Work request: Beginning with the line that contains "Vogue Scandinavia on" and ending with the line that contains "in Dubai. #rmalive", reproduce the lines of the entries below exactly, omitting pictures.

Task inputs:
● ● ● ●

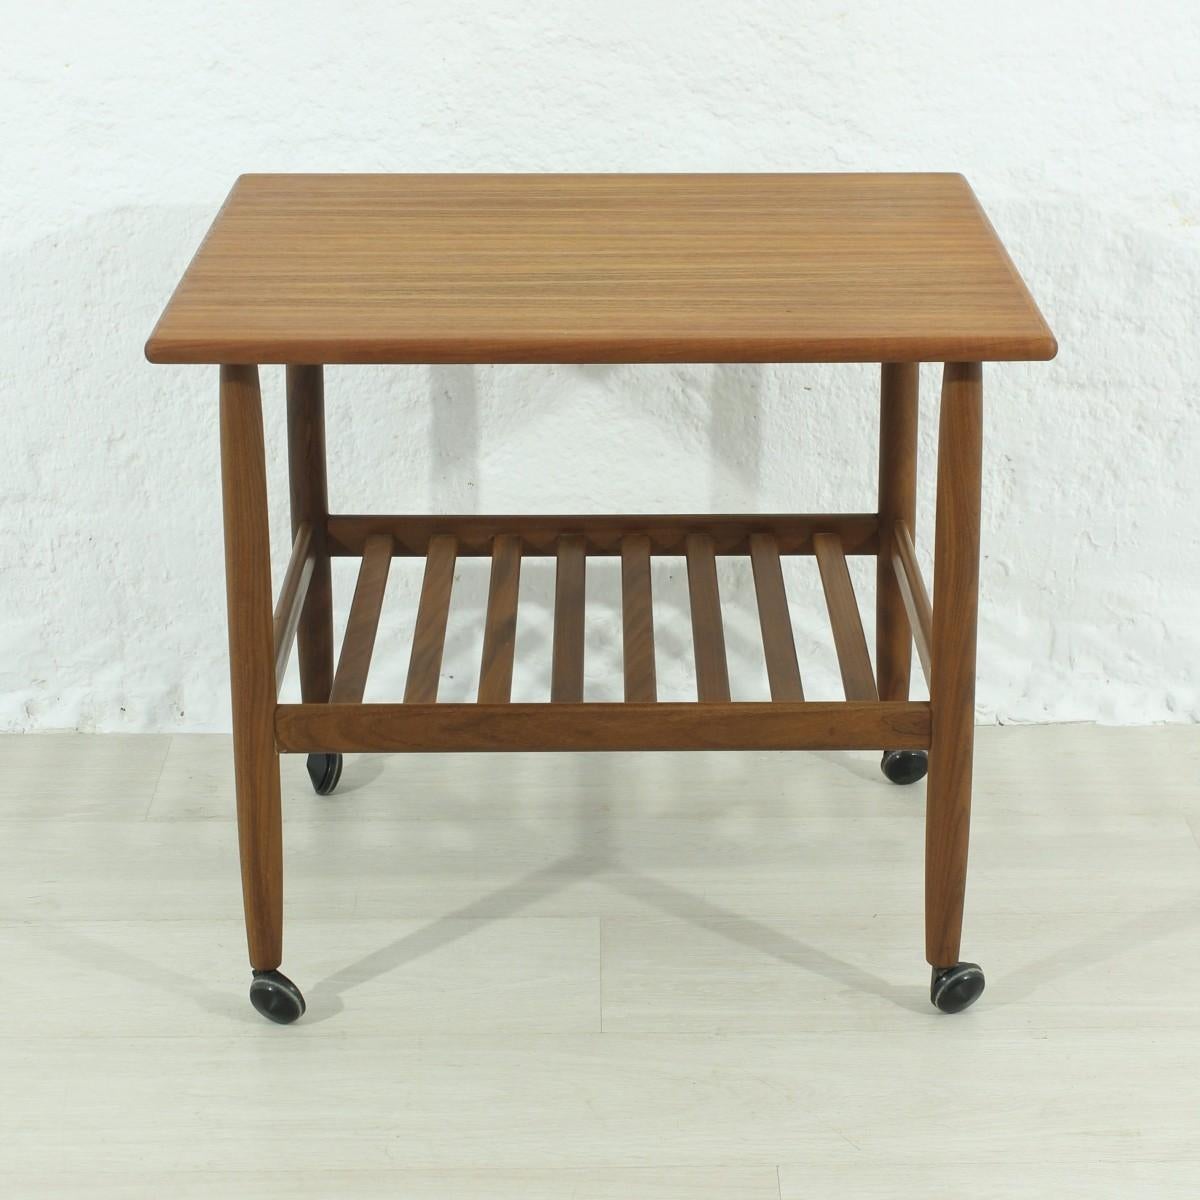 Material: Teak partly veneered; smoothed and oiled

● ● ● ●

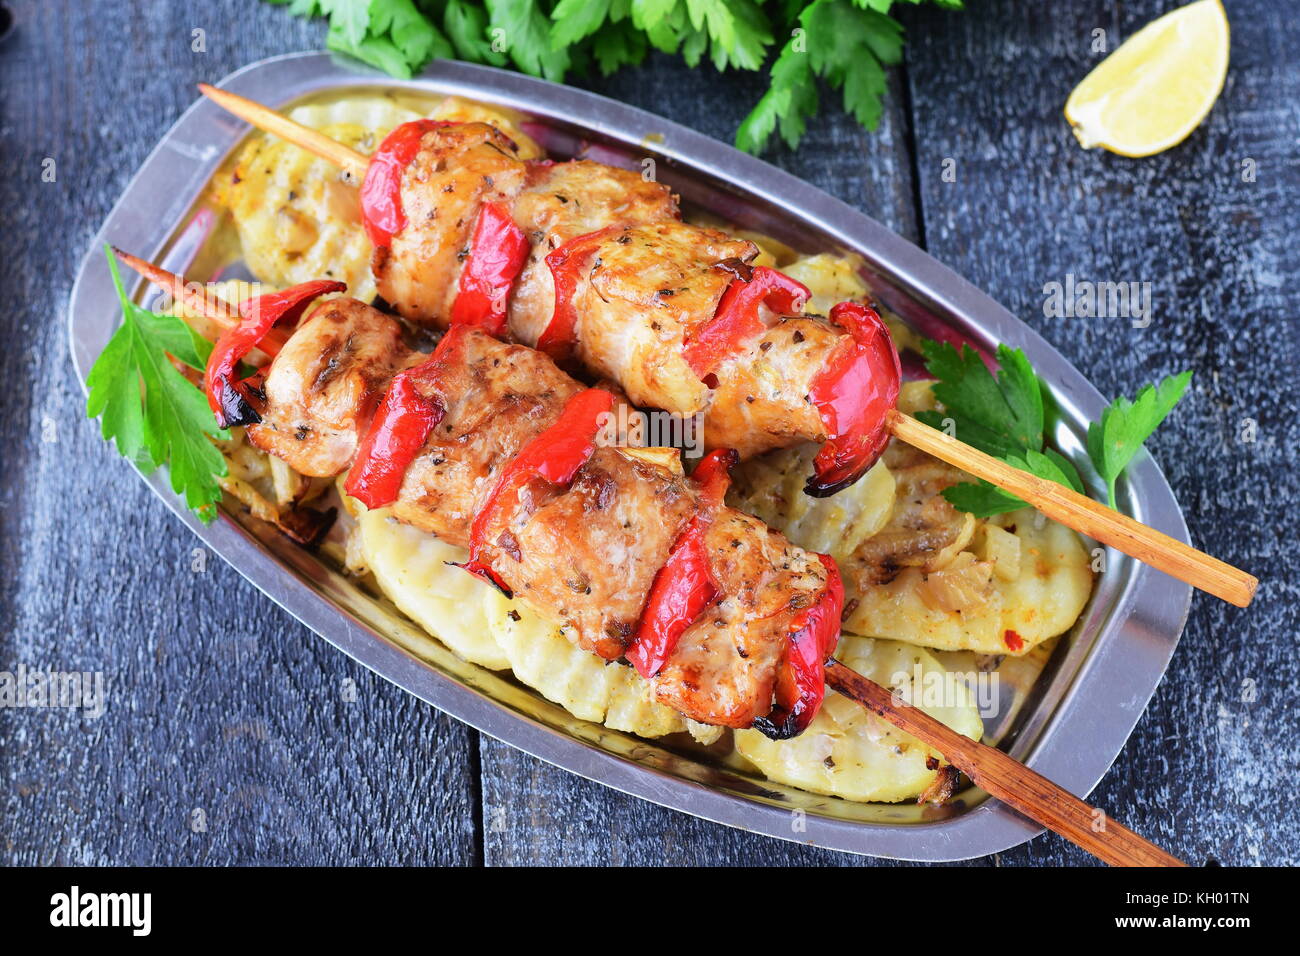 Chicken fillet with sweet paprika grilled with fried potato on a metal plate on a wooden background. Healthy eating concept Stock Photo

● ● ● ●

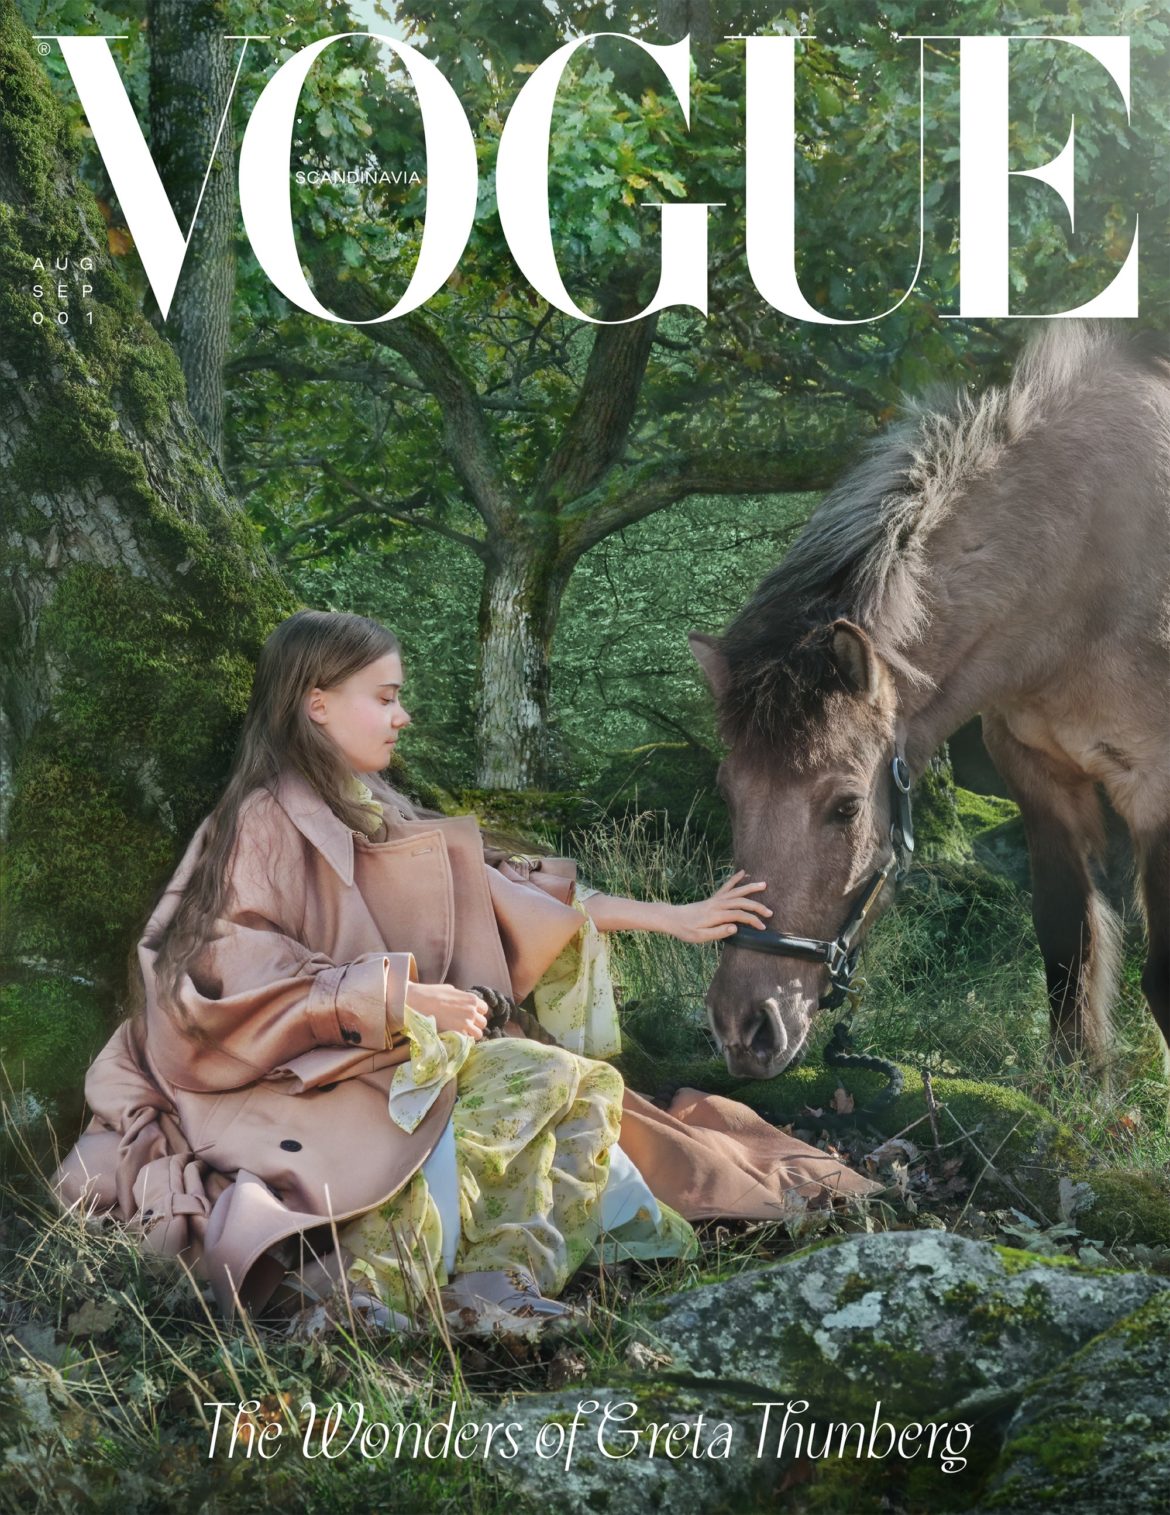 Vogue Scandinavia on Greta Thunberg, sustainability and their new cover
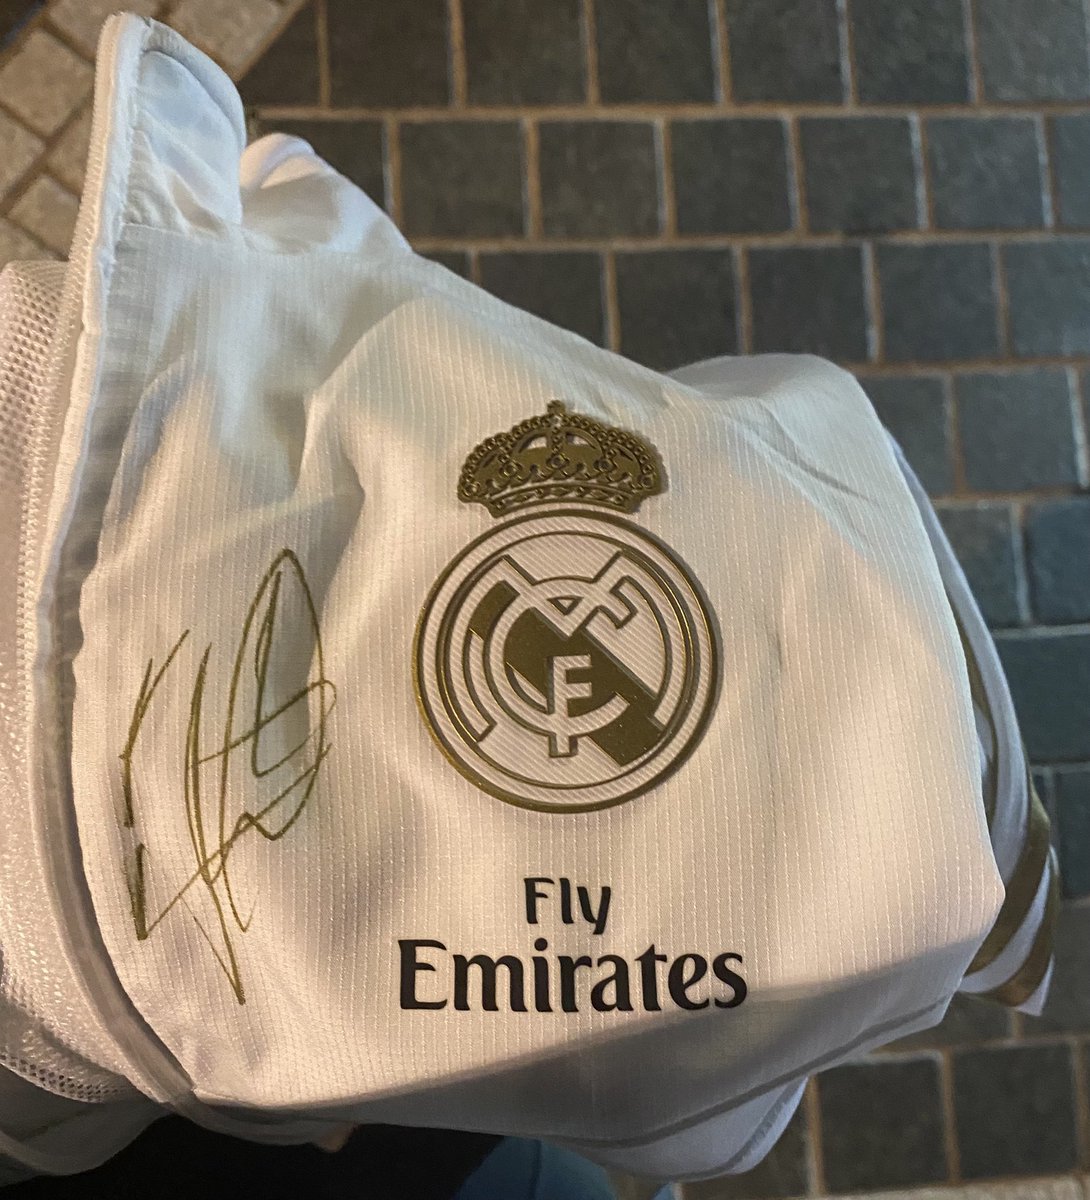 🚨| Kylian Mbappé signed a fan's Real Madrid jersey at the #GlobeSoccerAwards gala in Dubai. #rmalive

● ● ● ●

Finished exercise:
 Vogue Scandinavia on Greta Thunberg, sustainability and their new cover
 🚨| Kylian Mbappé signed a fan's Real Madrid jersey at the #GlobeSoccerAwards gala in Dubai. #rmalive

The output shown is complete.